Having given back most of a climb to one of the highest levels of all time for gold, the yellow metal is still looking to close the week with a gain, having consolidated above a major historical marker.
So, what kind of week has it been?
US inflation—the projection of it, the expectations of the Fed's efforts to combat it, and the reporting of updated numbers (hard and soft)—has not been out of the driver's seat of markets for any long stretch of time over the last two years, but was very evident at the fore of gold's price action this week. Initially, it was the en-masse table setting by investors and managers Monday and Tuesday, ahead of the midweek CPI report, that got largely credited with the yellow metal's steady climb higher in spot prices. In this 45-degree trip higher, gold topped out Tuesday night just below resistance at $2020/oz before settling into a stage at $2010 immediately pre-CPI. This move (and similar, that primarily saw the US Dollar Index and yields on benchmark Treasuries softening at the same time) was mostly based on an expectation that cooler inflation data would encourage the reality of the rest of 2023 to better fit the market's preferred projections of a pause to rate hikes and a rate-reduction before Christmas.
The data itself certainly played along, with core CPI printing the expected "slowdown" from both a month-over-month and an annualized tabulation and headline inflation easing by more than projected, reporting only a +0.1% rise in prices in March.
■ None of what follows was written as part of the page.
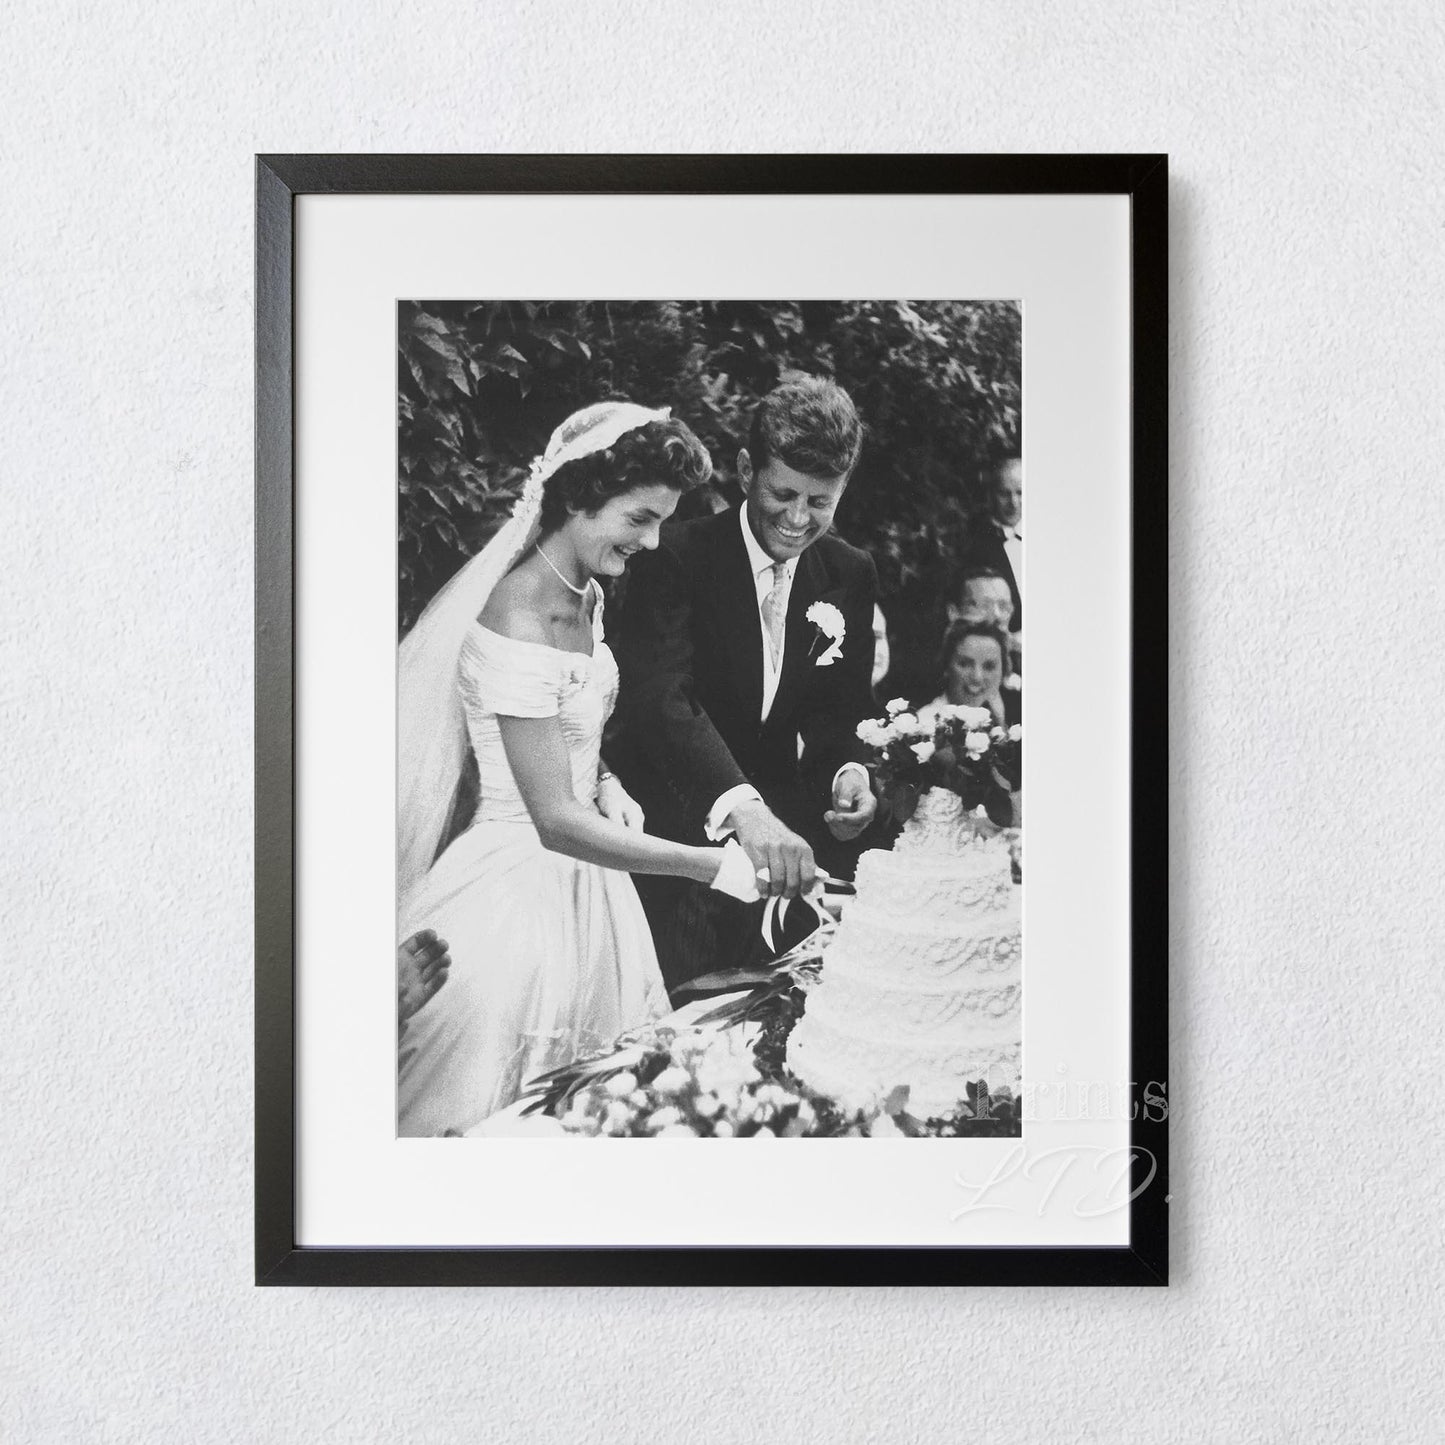 John F Kennedy (JFK) and Jackie Kennedy cutting cake at their wedding

The early week trends mostly continued, of course, with gold edging up to $2015 on the day after some whipsaw trading before and during the market opening. US equities cheered the numbers and their (possible) implications as well, climbing in the morning.
The move was muted a bit in the afternoon when the release of FOMC discussion minutes from the March meeting outlines a still very hawkish Fed; one maybe not be so likely to be swayed by the morning's consumer inflation numbers. A retracement in market sentiment ultimately drove the major stock indexes slightly into the red for the session as Treasury yields, and the Dollar rebounded. In a positive signal for gold traders, spot prices mostly flattened out post-FOMC minutes rather than dipping. This may have been thanks to the minutes signaling that the FOMC is preparing for some level of recession in 2023, which would have eliminated a lot of risk appetite for some investors.
With overseas markets getting a better opportunity to trade both Wednesday's inflation data and FedSpeak, gold continued climbing overnight and into the early morning hours of Thursday. Before the day's data sets, the yellow metal had climbed to a position of just $2030/oz, a surprisingly cool number for producer price inflation in the US (which is strongly supportive of the projection that the Fed's crusade is finally pushing overall inflation lower) sent gold ripping higher. That afternoon, after leveling out the trade, gold spot notched bids above $2040/oz, with CME futures contracts for gold settling at the second-highest price in history.
Any quick glance at gold's chart for the week shows that Friday has been a slide for the precious metal's pricing. A clear headwind for gold has been a US Dollar resurgence here at that end of the week. This has been (somewhat spuriously) tied to Friday morning's poorer than expected Retail Sales numbers, which suggest the US consumer is starting to crack (more deeply) under the pressure of the Fed's hiking cycle. The more likely culprit is commentary made by Federal Reserve Governor Christopher Waller, released to the public around the same time, effectively doubling down on the need for the Fed to continue raising rates higher to combat inflation. It is of large consequence that this wasn't stale commentary (like the FOMC meeting minutes) that was formed before this week's inflation data but in spite of it. While hopes and expectations for more accommodative monetary policy in 2023 have been dashed, again, the US Dollar and UST yields have soared, and gold prices have given back most of the gains made in April so far.
Vitally, for gold's forward projections, there appears to be a strong contingent of buyers just above the major psychological level of $2000/oz, so even Friday's steep sell-off has never really looked like pushing gold below it. This may bode well for gold prices next week, as a relative dearth of economic news and data on the schedule could allow the commodity room to run.
For now, traders, I hope you can get out and safely enjoy your weekend for the next couple of days. After that, I'll see everyone back here at the end of another profitable week.